▶ PROBLEM TO SOLVE:
Leave out any picture and return the remaining listing below exactly as given.

▶ DATA BELOW:
************
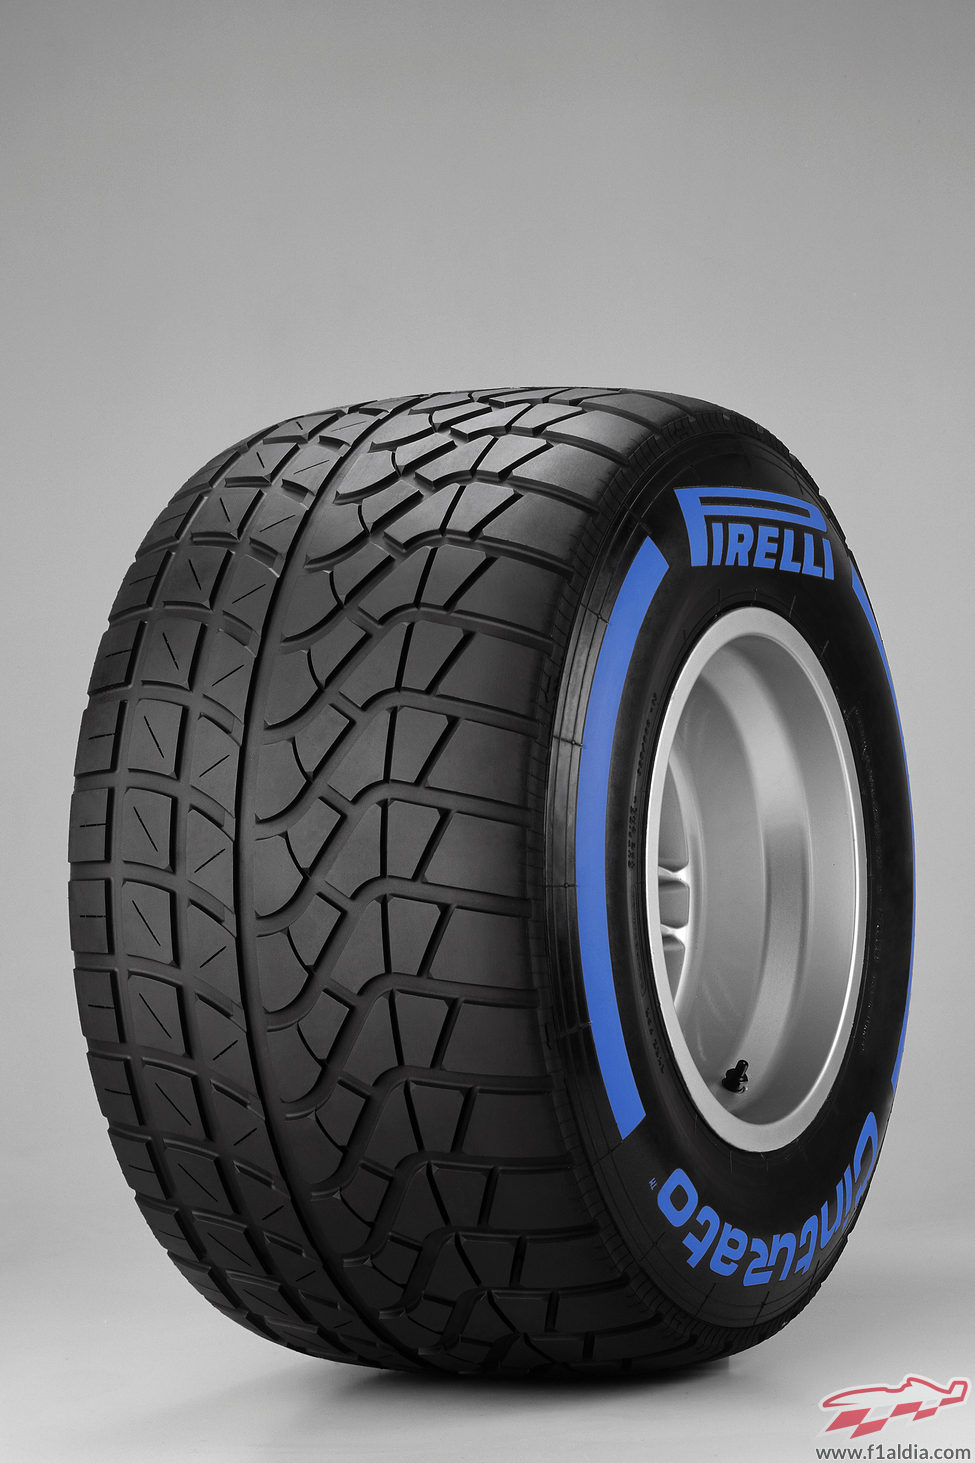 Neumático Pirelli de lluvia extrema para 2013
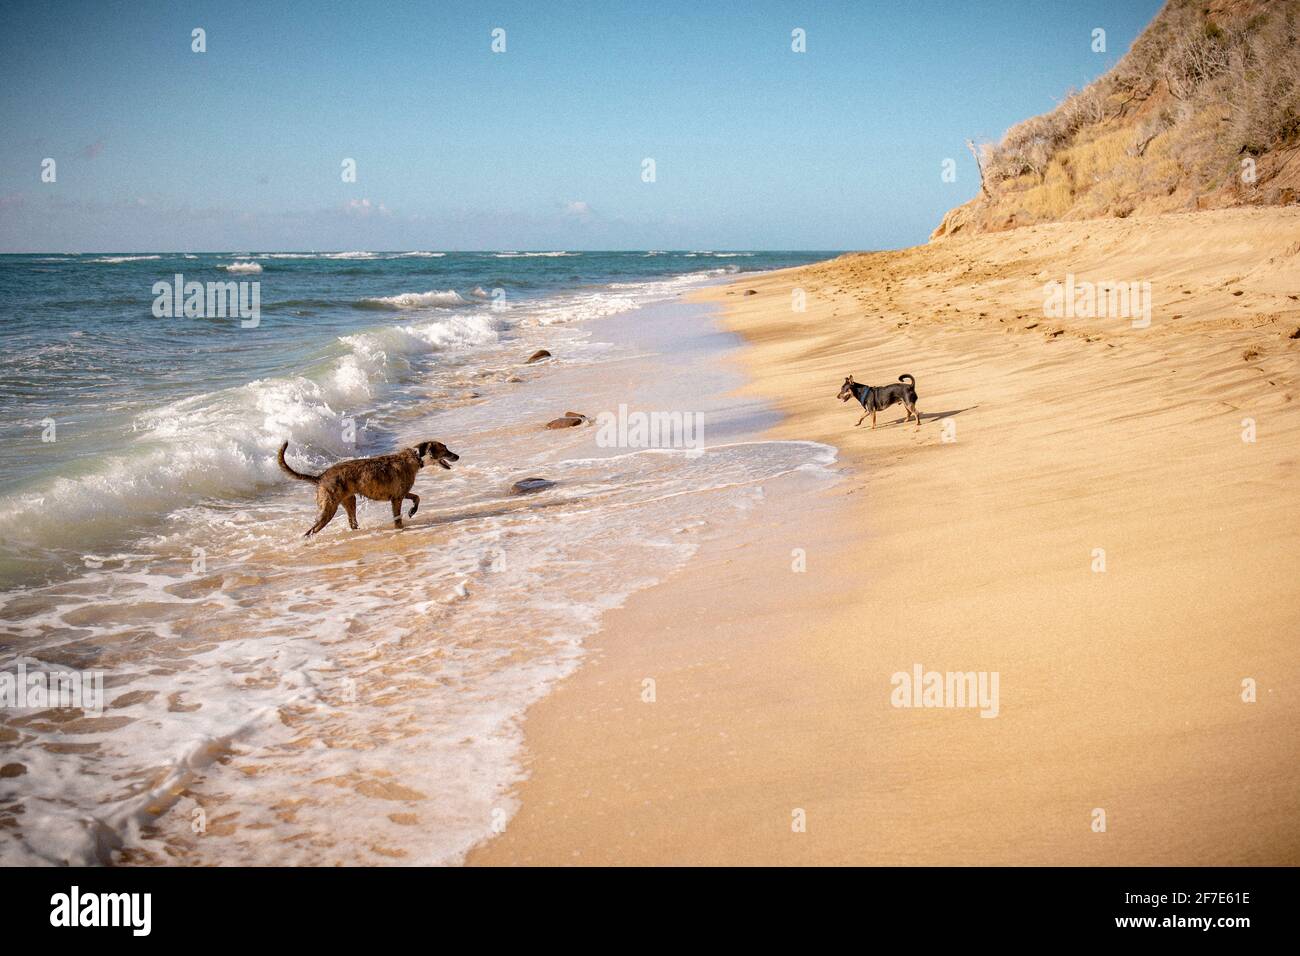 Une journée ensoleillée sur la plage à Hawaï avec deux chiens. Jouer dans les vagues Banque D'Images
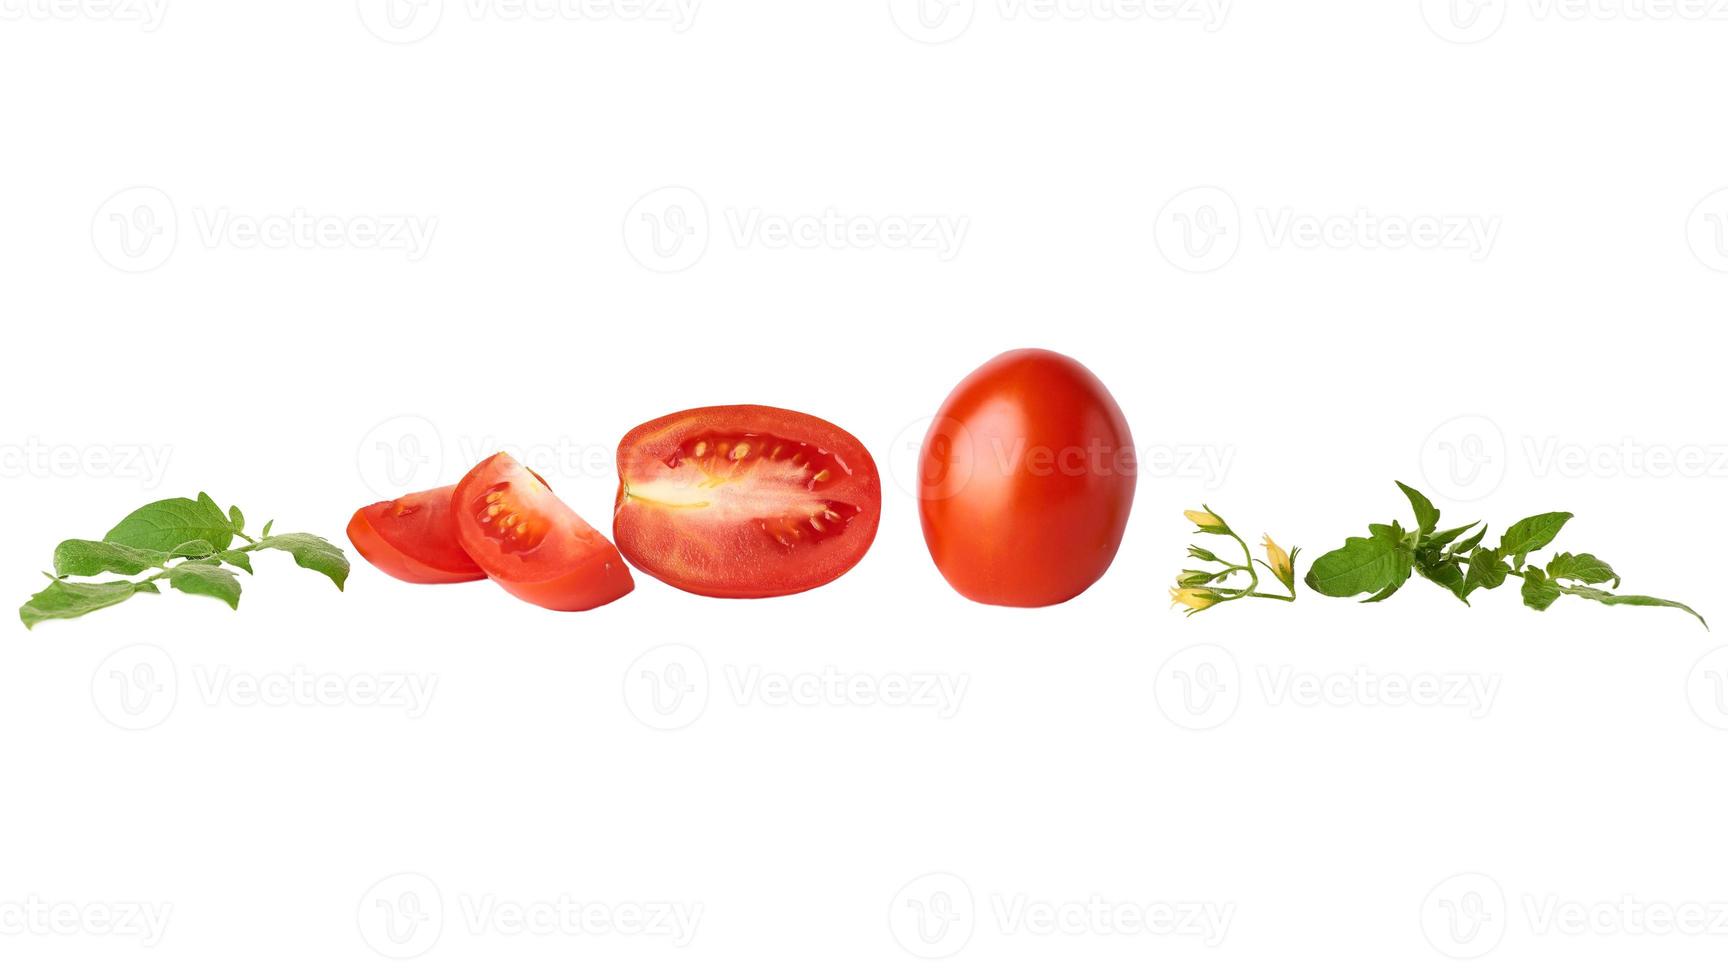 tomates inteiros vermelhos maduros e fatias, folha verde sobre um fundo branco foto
************
▶ SOLUTION BELOW:
 Neumático Pirelli de lluvia extrema para 2013
 Une journée ensoleillée sur la plage à Hawaï avec deux chiens. Jouer dans les vagues Banque D'Images
 tomates inteiros vermelhos maduros e fatias, folha verde sobre um fundo branco foto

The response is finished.